Но «божественная хаома» уже испарилась.
9.
Утром с бодунища проснулся крайне рано, вспоминал всё дискотеку, каратэ с быком, пьянку в лопухах, походный приезд Кати – было ли всё это?!.
Смутно вспоминалось, что ночью на полнейшем автопилоте я ещё смог обнаружить несколько яиц и огурцов (всё же не по десятку штук мы с ней тогда умяли, как показалось!), сварганить из них яичницу… Причём порезать и изжарить огурцы, как делают с помидорами, – вот так и рождаются новые блюда!..
Тело всё ныло и ломило, но ломота эта телесная была приятна – как после драки-разминки, когда тебе не накостыляли; как после экстатических плясок, когда не совсем расшиблись; как после бурного секса… Теперь это стараются тренажёрами и фитнесом восполнить – хотя вестимо, не совсем сие то, никакой эмергентности.

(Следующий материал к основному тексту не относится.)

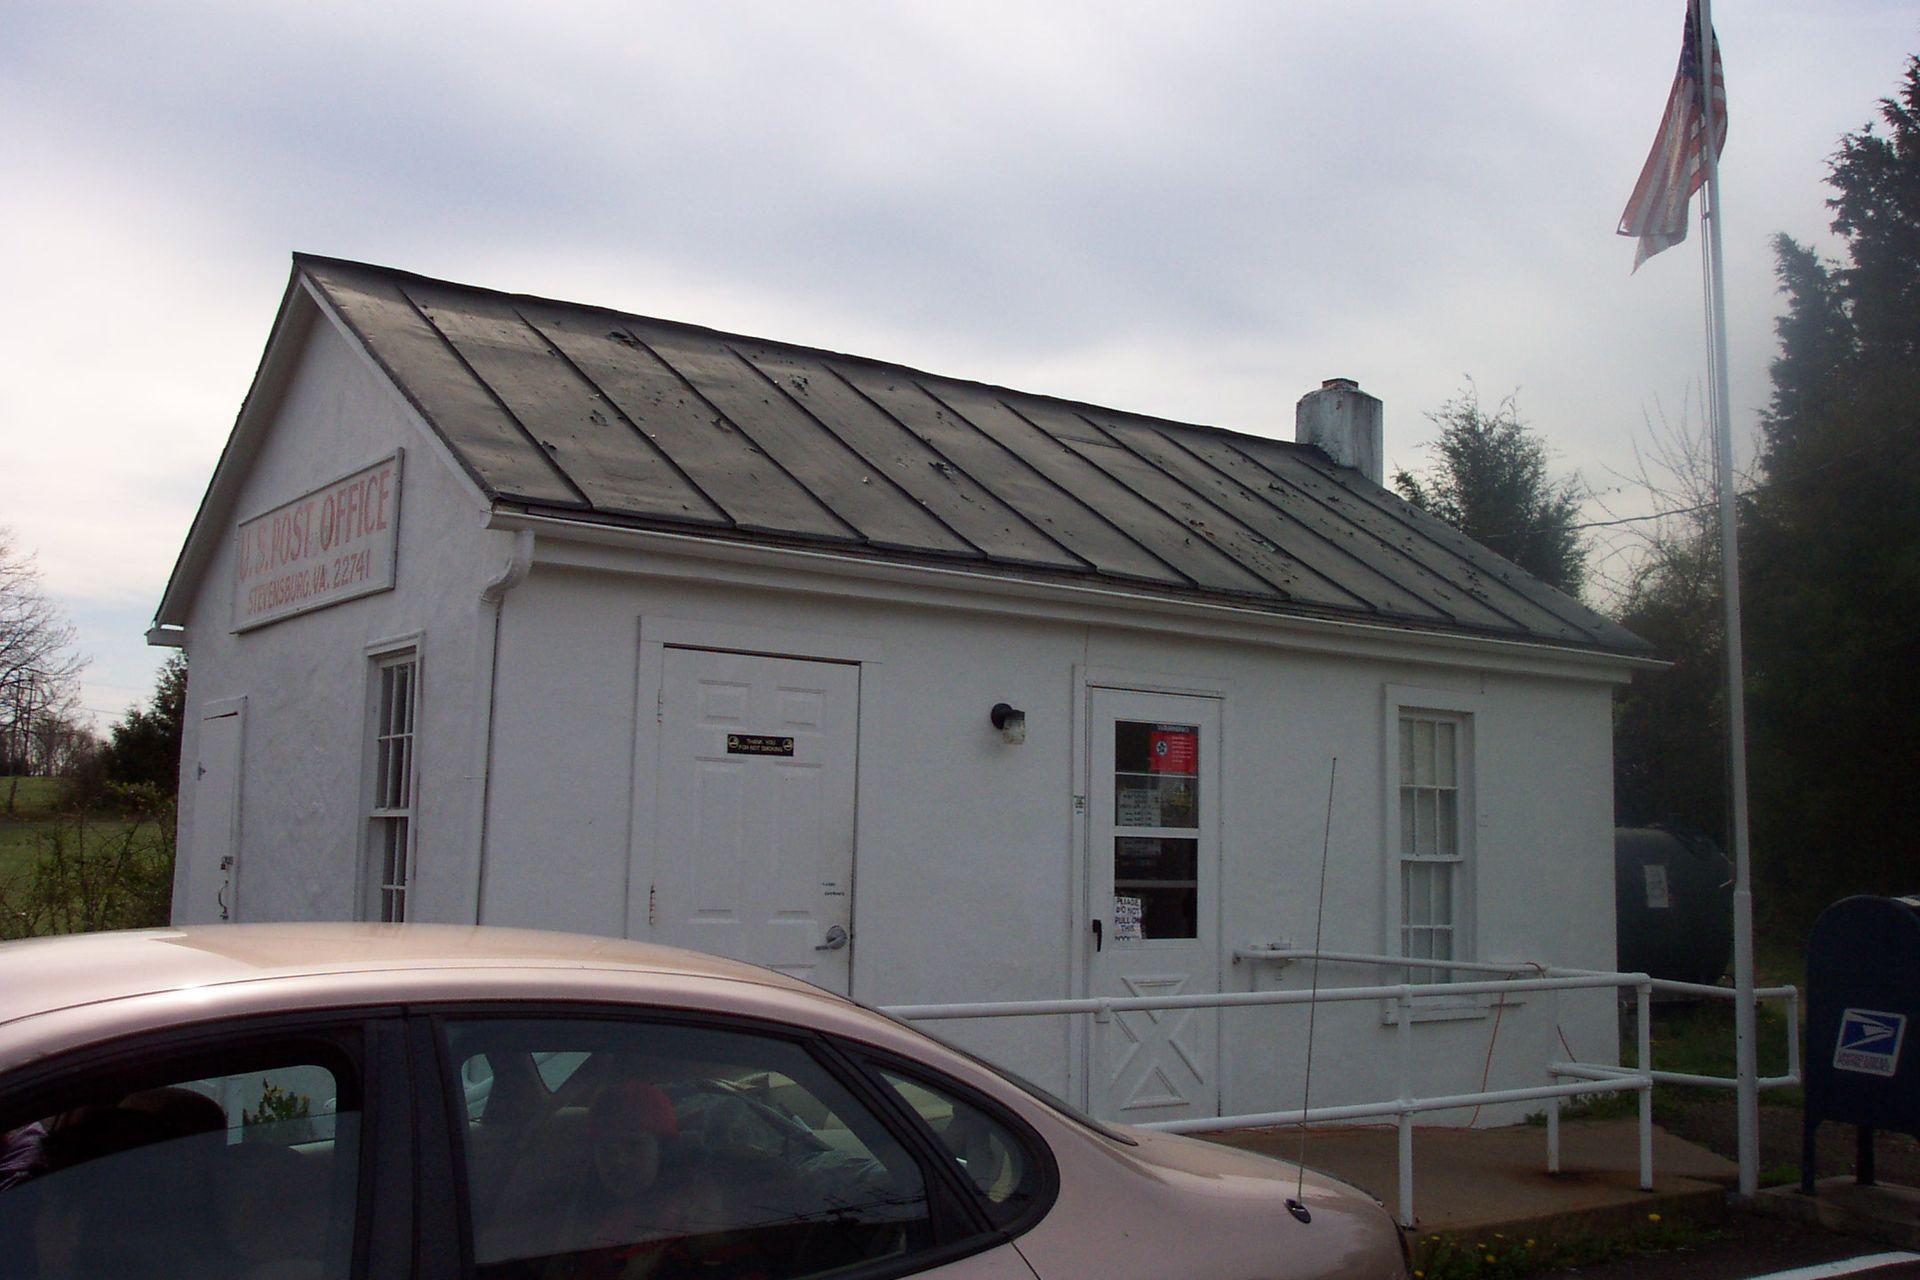 Baja Ringan Wikipedia Stevensburg Post Office Virginia The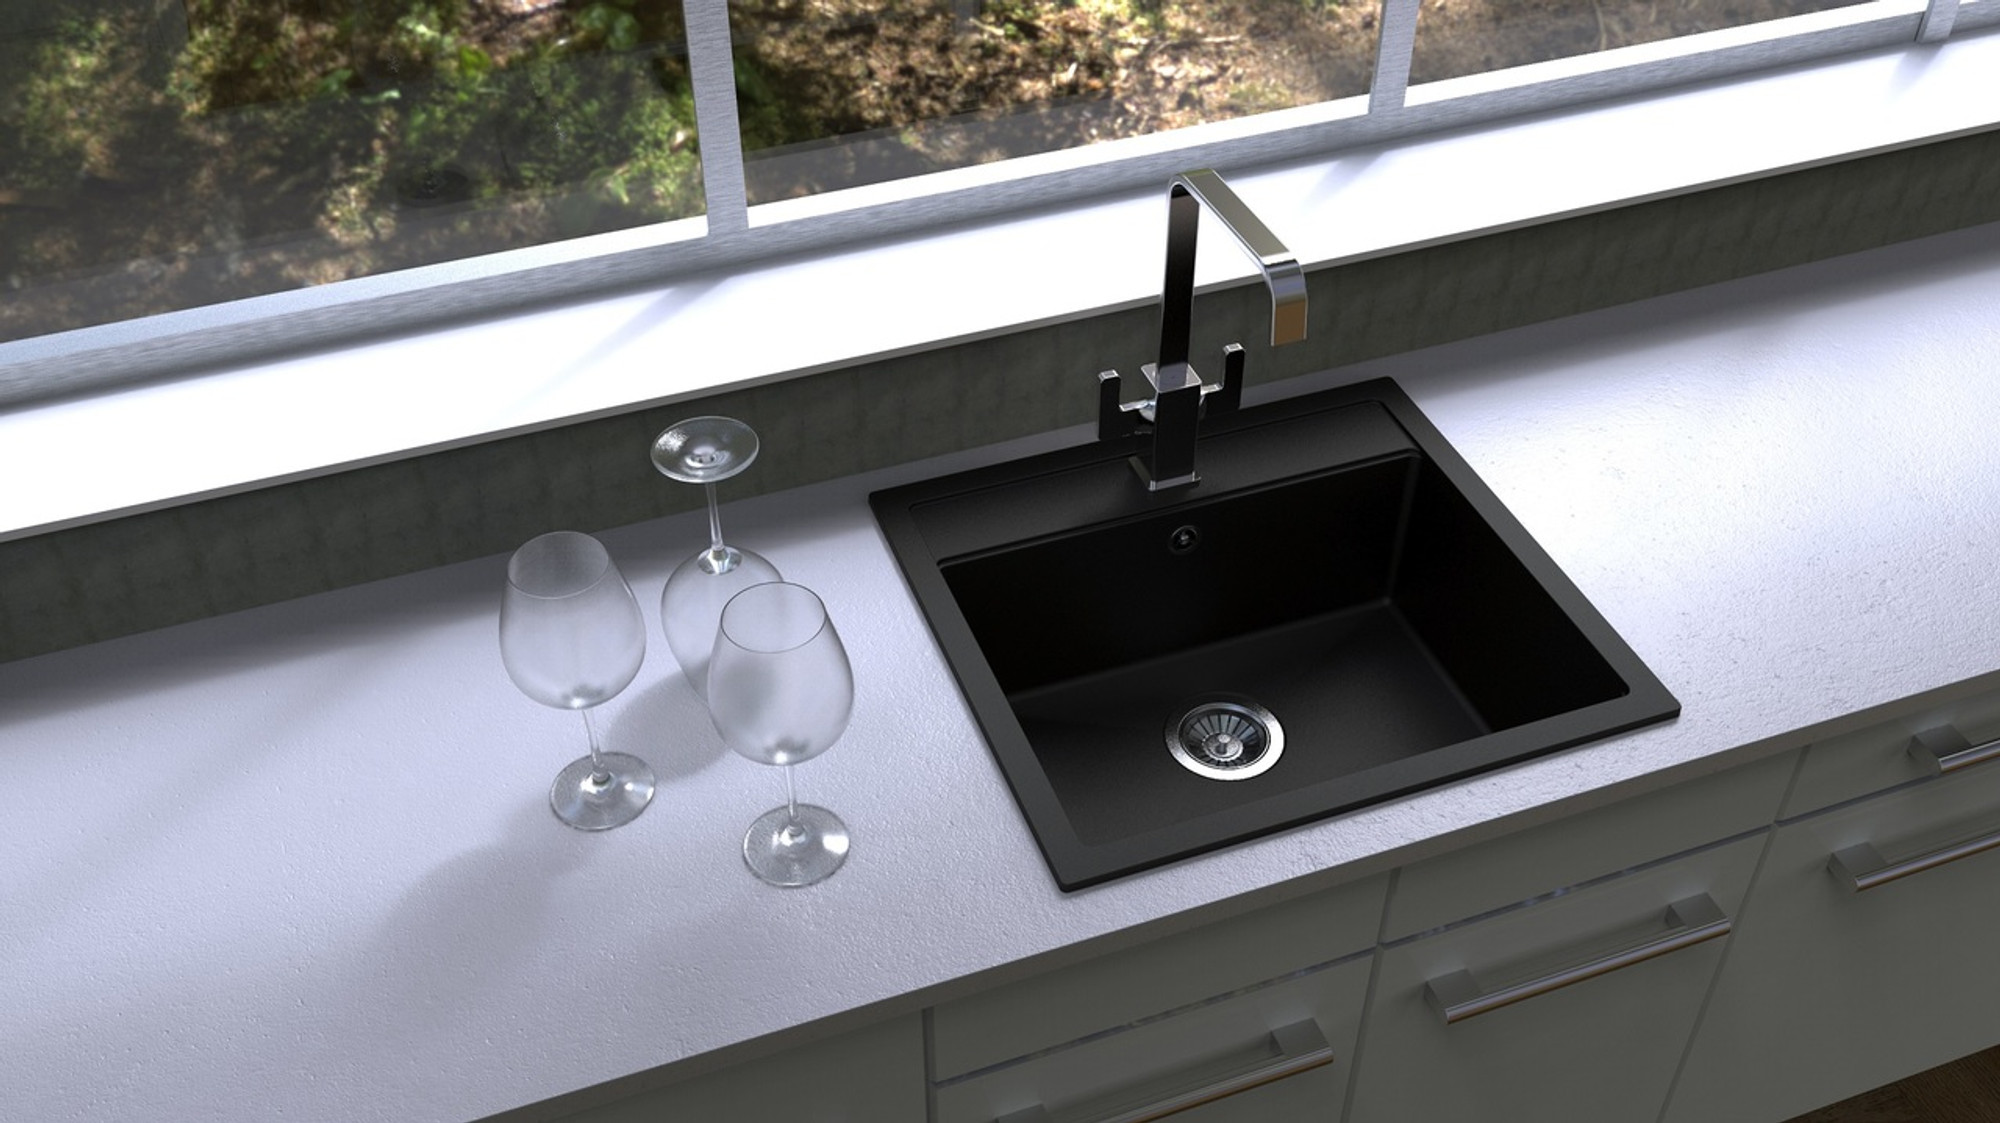 Carysil waltz granite kitchen sink drop in or under mount single bowl 560x510

Понятен пень, что ничего этого не было. Есть только жажда. Хотя, конечно, обычно бывает нечто подобное, но – не настолько же! Но есть – эмоции! Проснулись сразу! И, как ни странно, – опять дикий голод!
Дополз до кухни, сел на пол, размышляя о раскатившейся подле рюкзака картошке… И сил нет – мыть, чистить, резать, жарить… И вообще – не моя ведь это как бы картошка!..
Нет, шествие по мосту – ведь было! Блистающая, как будто уже угасая, звёзда Венеры над чернотой города, где-то над ж.-д. вокзалом. Под мостом – всё ещё поезда, гудки, синие глазки семафоров… Как это всё знакомо из детства: крёстная сначала жила здесь на Клубной, в квартирке, поделённой меж семьями двух братьев, с гудками поездов, с мистически-тарковской дрожью этой в стенах и посуде… Странное ощущение (для пятилетнего – когнитивный диссонанс настоящий!), когда мы, куда-то уезжая, через полгорода добирались до ночного вокзала, садились в поезд, а после он проходил в десятке метров от дома…
Сто раз пил, ходил в туалет, ложился и вставал, слонялся туда-сюда…
Наконец-то, часов в девять, раздался не звонок (его-то нет), но уверенный стук в дверь. По-утреннему бодро сияла Катя – свежа и отчищена, как будто и впрямь ничего не бывало!
Пролепетала какие-то извинения (или мне это лишь показалось, не помню) и прошмыгнула в ванную. Судя по всему, намечалось немало всего интересного. Например, та же картошка. Но сдержаться я уже не мог. И как только скрипнула дверь и появилась К. в новой майке со звёздочками и бежевых шортах, зубы мои сжались…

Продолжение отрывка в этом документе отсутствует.